Part of the problem is tied to the lack of diplomatic relations between Washington and Caracas. There are no consular services for Venezuelans in the U.S. Many of the hundreds of thousands of Venezuelans who migrated to the U.S. in recent years seeking asylum or other humanitarian relief entered without valid passports, as Pérez did. But to get on a plane for Venezuela, they’re being told they’ll need a special travel document known as a “salvoconducto,” or “safe passage,” from their government.
And relations between the two countries are getting worse. The Trump administration has pushed for regime change in Venezuela, sent warships to the Caribbean and, in recent weeks, blew up four Venezuelan boats it claimed were transporting drugs to the U.S. Bracing for an invasion, Venezuelan President Nicolás Maduro has said he’s ready to declare a state of emergency to protect his country, which could make it harder for Venezuelans abroad to return home.
The Venezuelans who want to leave the U.S. described how CBP Home representatives told them that their lack of passports wouldn’t be a problem and that the U.S. government would help them obtain the travel documents they needed. Now they are being told that they’re on their own — if they get any response at all.
The Trump administration was aware of the potential challenges from the start. In his May proclamation, the president directed the State and Homeland Security departments to “take all appropriate actions to enable the rapid departure of illegal aliens from the United States who currently lack a valid travel document from their countries of citizenship or nationality.”
In a statement, a DHS spokesperson said the agency is working with the State Department “to acquire travel documents for those who lack safe passage. So far thousands of Venezuelans have already self-departed using CBP Home.” The State Department referred questions to DHS.
The internal DHS records obtained by ProPublica show nearly 3,700 departures of Venezuelans via CBP Home through late September. It’s unclear how many Venezuelans have applied. The DHS spokesperson said the agency could not confirm the numbers and would not say whether the program is meeting projections. (A congressional committee has directed DHS to include information about CBP Home departures in monthly reports the agency previously published, but has not published in this administration.)
An estimated 10,200 Venezuelans were deported between February and early October, according to deportation flight data tracked by the nonprofit Human Rights First’s ICE Flight Monitor.

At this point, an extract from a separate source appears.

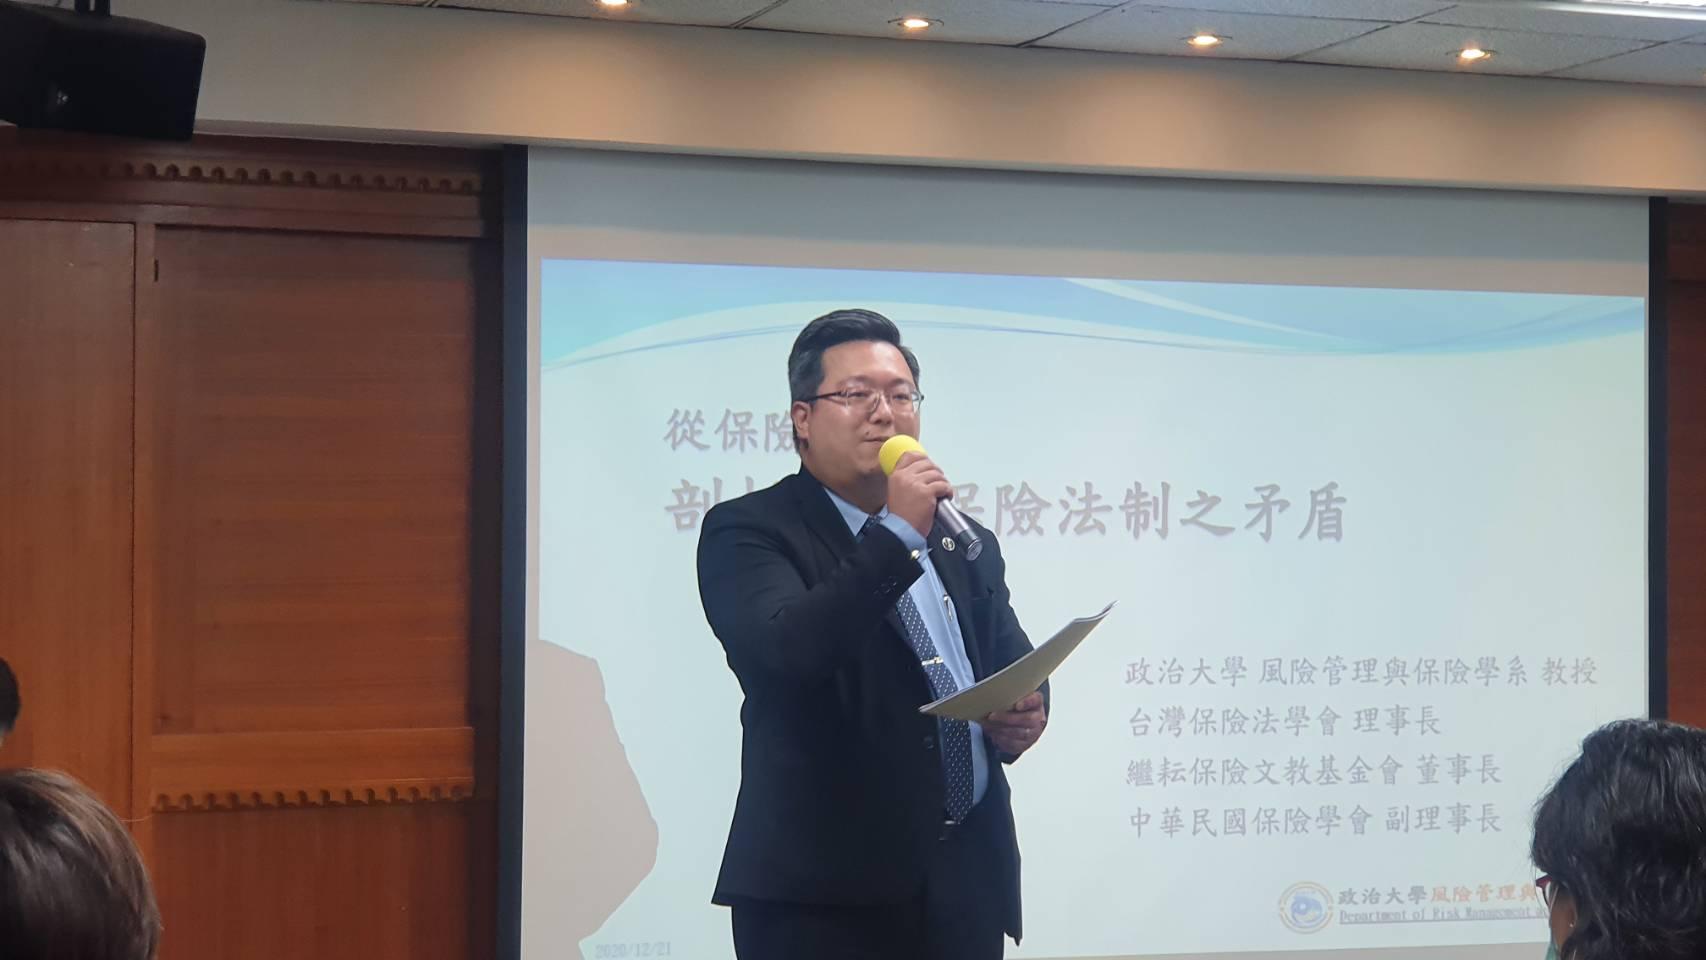 本所陳怡伸律師為台北律師公會籌辦在職進修帶狀課程「保險學理與理賠實務」

Many of the Venezuelans interviewed by ProPublica are mothers of young children who say they decided to take the president’s offer after their work permits expired, their temporary protected status was canceled or their spouses were deported. Few are willing to return by land because of the dangers posed by cartel violence and kidnappings in Mexico — dangers many of them experienced when they migrated here.
Nearly all of them, like Pérez, asked not to be identified by their full names because they’re afraid of bringing unwanted attention to themselves and of the potential consequences of such attention. Interviews with Venezuelan immigrants were conducted in Spanish.

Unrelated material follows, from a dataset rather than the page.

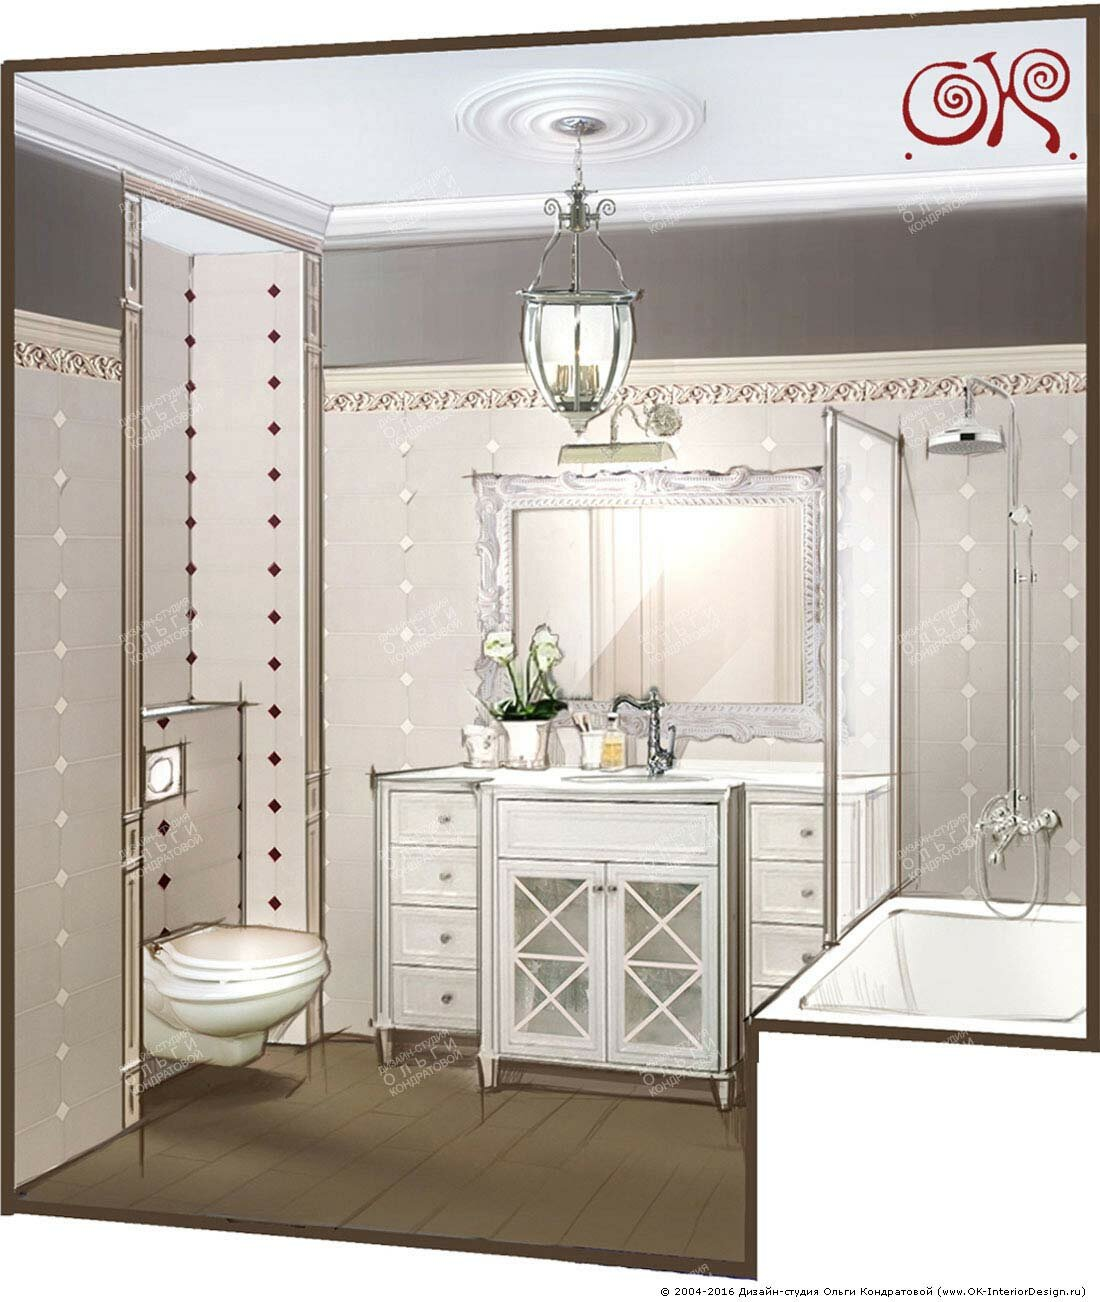 Дизайн белого санузла в стиле прованс

Before their departure dates came and went, they had made preparations to leave — turning over the keys to their apartments, pulling their children from school, shipping their belongings to Venezuela. And they have sunk deeper into poverty as the weeks and months pass.
Pérez applied for her family to return to Venezuela through the CBP Home app months ago but has been stuck in limbo in Chicago without a clear path forward. Credit: Jamie Kelter Davis for ProPublica
Pérez applied for her family to return to Venezuela through the CBP Home app months ago but has been stuck in limbo in Chicago without a clear path forward. Credit: Jamie Kelter Davis for ProPublica
In Los Angeles, a family of four slept in their tiny Toyota Echo for weeks to save on rent as they waited for their departure date. They sold the car and other belongings to pay for bus tickets back the way they’d come. Nearly two months after their return to Venezuela, they said they’re still waiting for the exit bonuses they’d hoped would help them start over.

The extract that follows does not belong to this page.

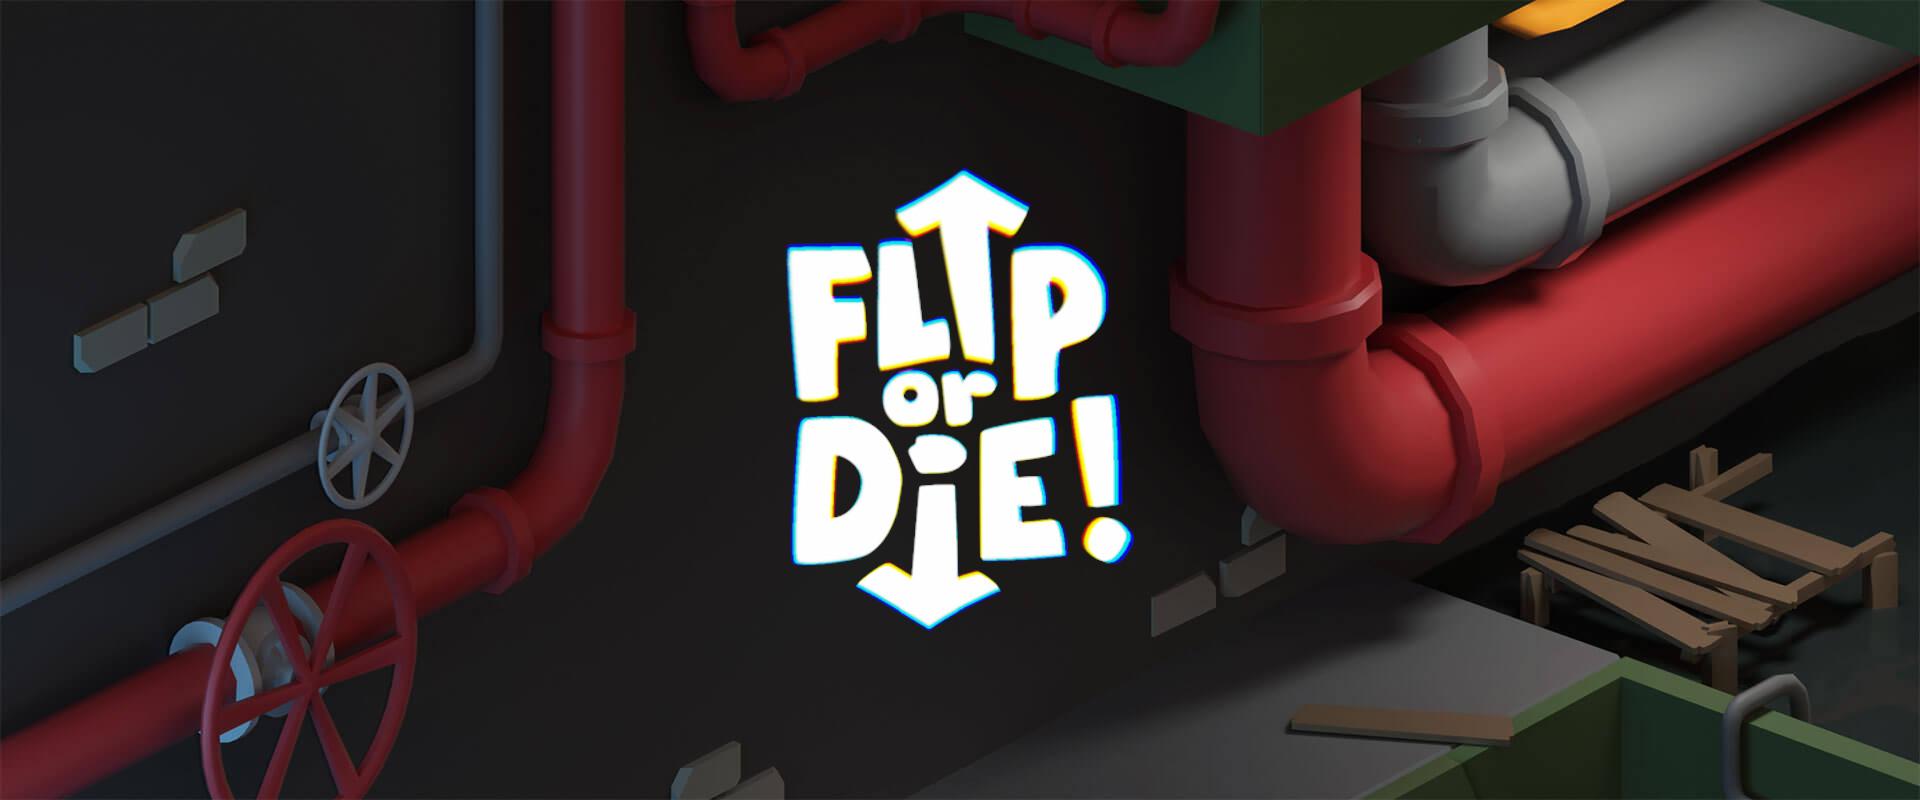 Flip Or Die!

In Youngstown, Pennsylvania, a mother of two said she didn’t enroll her 8-year-old son in school this fall because she assumed they would be gone by now. She recently moved into a friend’s apartment in New York City and plans to turn herself in to immigration authorities and ask to be deported.
“I don’t want to be here anymore,” the woman said, between sobs. “What am I supposed to do?”
Several immigration attorneys and advocates told ProPublica that they don’t trust the CBP Home app or the Trump administration’s promises to help immigrants self-deport. The National Immigration Law Center recently published a guide explaining some of the potential risks of using the app, such as leaving the country without closing an immigration court case and becoming ineligible for a future visa. Some lawyers said they discourage clients from using the app at all.
Emily, a Venezuelan immigrant in Columbus, Ohio, holds her phone showing an email from the CBP Home program. Credit: Maddie McGarvey for ProPublica
Ruben Garcia, director of Annunciation House, a nonprofit in El Paso that supports migrants and refugees, said in the current climate, he understands why some people might consider the administration’s offer to leave. But, he said, the offer has to be backed by action.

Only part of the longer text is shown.